I think you can tell simply by virtue of posting here that the month of August was much better for me than July. I barely blogged last month and I didn't even do a recap because my heart just wasn't in it. Besides, there wasn't much to recap anyway. By the time August rolled around, I'd had enough. I decided to go back on Prozac for my anxiety, and am beginning to feel much better. I was reluctant to take it again (and I still am) but because my mood has improved and my fears have subsided a bit, I know that I am making the right decision.
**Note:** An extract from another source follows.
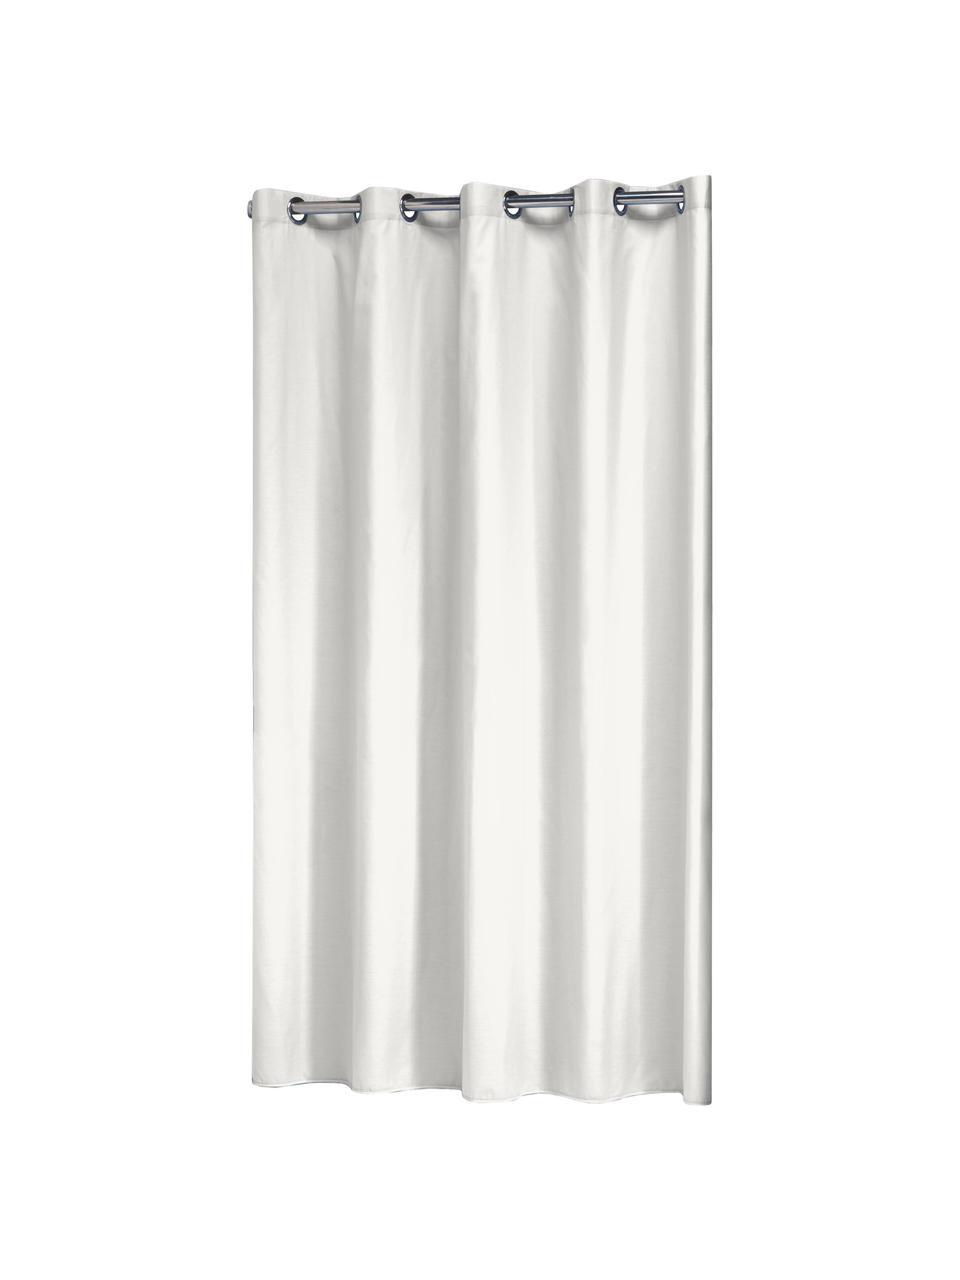 Duschvorhang Coloris aus Baumwoll-Mix, Gebrochenes Weiß, 180 x 200 cm

As my therapist reassured me, "if there's ever a time for anxious minds to get a little help from medication, it is now." There's only so much you can do when you feel like you've hit the bottom. Talk therapy, practicing mindfulness and yoga, writing your thoughts and feelings in a journal, exercising - those are all great tools, and I do most of them every day. But another powerful tool is actual medication, and there is never any shame in utilizing it when necessary. I will always advocate for it. 

Of course, this wasn't the plan for 2020. I spent three years being proud of the work I'd done on myself without the assistance of Prozac and Klonopin. But neither was...any of this. Coming to terms with reality as opposed to denying it has been a huge area of growth for me this year. Dealing with situations as they are, and not as I wish for them to be has done wonders for my mental health. I'll explain in more detail just what I mean in a future post, but until then, I'll reiterate that if you're really struggling and nothing seems to be helping, please talk to a professional. 

We experienced quite a triple digit heat wave this month, so Nate and I took advantage of cooler temps at the beach! 

Oceanside, Ca

We also continued our Summer of "pool time" in his parent's relaxing backyard. Nettie was elated by this weekend ritual.

I'm still eating as healthy as I can, and salmon is probably my favorite meal to cook. I bought cedar plank salmon filets at Sprouts and grilled them for about 10-15 minutes. Easy and fresh. 


I finally felt comfortable enough last weekend to dine outside. In California, most indoor areas are closed including bars and restaurants. But places can operate outdoors, so we decided to eat at the winery we belong to. The food tasted extra delicious! I still inhaled it pretty quickly, but I savored every bite. 

What Else I Loved in August: 

My friend Gina shared this podcast episode with me, and I want all of you to listen to it! It features Lori Gottlieb, the author of Maybe You Should Talk to Someone. I'm sure you can tell because I won't shut up about it, but I'm obsessed with her book.

I began watching a series called Bloodline on Netflix and I'm loving it so far. It's about this family that looks perfect on the surface, but there are some pretty dark secrets hidden underneath. It's been around for a few years but Nate stumbled upon it just a few weeks ago. Have you watched it?


I have a shopping post coming up next week, along with a beauty product review shortly after. I'll also talk more in depth about mental health, so I hope any or all of those topics sound interesting to you. I'd love to hear from you guys. Hope you're doing well. How was your month?